Abstract
Background
The role of subluxation in staging of the severity of osteoarthritic changes remains unclear. The aim of this study was to evaluate the influence of subluxation of symptomatic osteoarthritic trapeziometacarpal (TMC) joint regarding severity of symptoms, disability, and results of operative treatment in TMC osteoarthritis with total joint arthroplasty.
Methods
We included 172 hands in 137 patients (32 males and 105 females), mean age 59 years (44–74 years), with a combination of radiological signs of TMC osteoarthritis and clinical symptoms in the study. All patients were operated in general anaesthesia where a ball and socket joint implant was used. Disability of the Arm, Shoulder and Hand (DASH) score, visual analog scale, grip strength, and abduction deficiency were recorded and subluxation was measured on computed tomography.
Results
The mean subluxation in males was 5.2 mm (SD 1.2) and in females 5.3 mm (SD 1.3) (p = 0.95). We found a weak positive correlation between grip strength and subluxation both at the preoperative examination and at 3 and 12 months after the operation, but no other correlations with subluxation were found.
Conclusions
This study indicates that radial subluxation may not be an important factor in symptoms and function in patients with symptomatic TMC osteoarthritis without severe scaphotrapezio (ST) joint degeneration. In addition, preoperative subluxation seems not to be important for the result after total joint arthroplasty.

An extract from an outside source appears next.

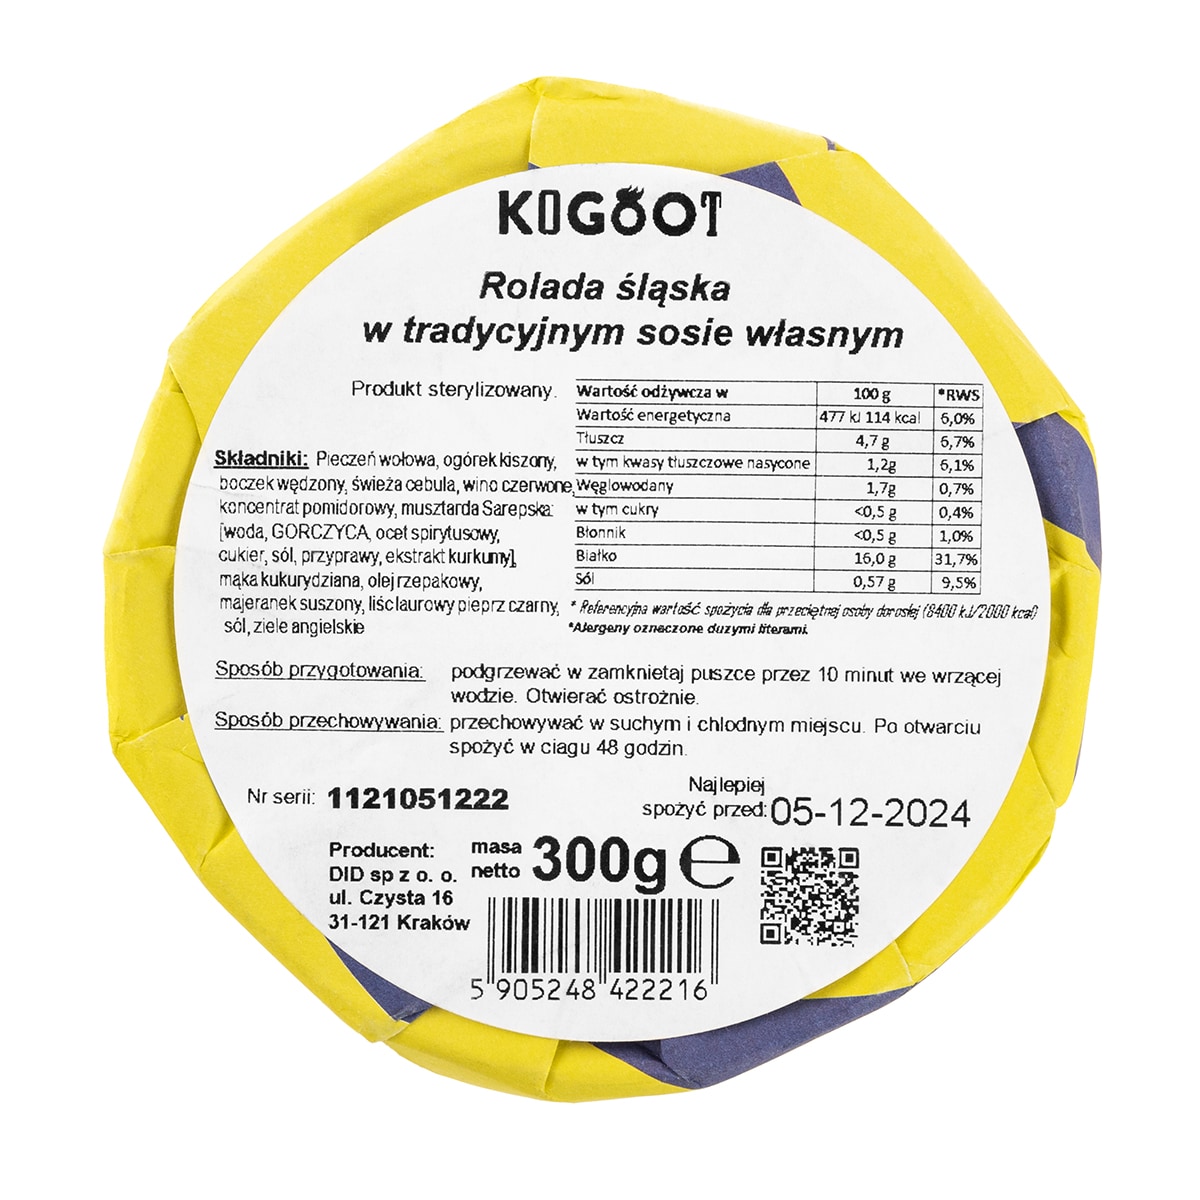 Żywność konserwowana Kogoot - Rolada śląska w tradycyjnym sosie własnym 300 g

Keywords: Trapeziometacarpal osteoarthritis, Total joint arthroplasty, Subluxation, Radiology, Computed tomography
Introduction
Trapeziometacarpal (TMC) osteoarthritis of the first digit is a common condition [1, 6, 21] often leading to disability and the need of treatment in form of non-steroid anti-inflammatory drugs, splinting, steroid injection, or, in more severe cases, operation such as trapeziectomy or total joint arthroplasty [14, 23]. In the classification of the severity of TMC osteoarthritis, Eaton and Littler in 1973 [11] described a radiological classification system based on changes in joint space, osteophytes, subchondral sclerosis, and subluxation. Later, in 1987, Eaton and Glickel modified the classification system [10] and added degenerative changes in the scaphotrapezio (ST) joint. Subluxation was no longer included in stage II as in the Eaton–Littler version and only contributed to a minor part of stages III and IV. This classification system is now widely used in the radiological staging of TMC osteoarthritis. However, both the Eaton–Littler and the Eaton–Glickel classification systems have been evaluated leading to concerns regarding the reliability in daily use [3, 4, 9, 12, 16, 22].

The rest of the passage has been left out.